When J1 is less than or equal to J0 and less than J2, selecting the first preset correction coefficient B1 to correct the valve opening Ki, and obtaining corrected valve opening Ki;

when J2 is less than or equal to J0 and less than J3, selecting the second preset correction coefficient B2 to correct the valve opening Ki, and obtaining corrected valve opening Ki;

and when J3 is less than or equal to J0, selecting the third preset correction coefficient B3 to correct the valve opening Ki, and obtaining corrected valve opening Ki.
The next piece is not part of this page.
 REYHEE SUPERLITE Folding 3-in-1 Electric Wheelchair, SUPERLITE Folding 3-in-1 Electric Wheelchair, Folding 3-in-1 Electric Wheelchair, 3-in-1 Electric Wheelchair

10. A method for high-yield cultivation of fruit tomatoes, which is characterized by comprising the following steps:

collecting image data of a fruit tomato plant, and acquiring height data of the fruit tomato plant according to the image data, wherein the height data is analyzed to judge whether the growth environment of the fruit tomato plant needs to be regulated;

when judging that the growth environment of the fruit tomato plant needs to be regulated, acquiring soil humidity data S0, presetting a lowest humidity threshold value Smin and a highest humidity threshold value Smax, and judging whether to regulate the soil humidity according to the size relation between the soil humidity data S0 and the lowest humidity threshold value Smin and the highest humidity threshold value Smax;

when S0 is less than Smin, humidifying and regulating the soil humidity;

When Smin is less than or equal to S0 and less than or equal to Smax, the soil humidity is not regulated;

when S0 is larger than Smax, performing dehumidification regulation on soil humidity and starting a drainage device;

when the humidification adjustment of the soil humidity is judged, indoor air humidity data Sk is also obtained, and whether an air supply device is started or not is judged according to the indoor air humidity data Sk; when the air supply device is required to be started, determining the initial power of the air supply device according to the indoor air humidity data Sk and the outdoor air humidity data Sw;

when the soil humidity is not regulated, the fertilizer is also configured to acquire the soil nutrient content Y0, and the working frequency of the fertilizer device is regulated according to the relation between the soil nutrient content Y0 and the preset nutrient content;

and when the soil humidity is judged to be subjected to dehumidification regulation, acquiring the soil air permeability, and setting the valve opening of the drainage device according to the soil air permeability.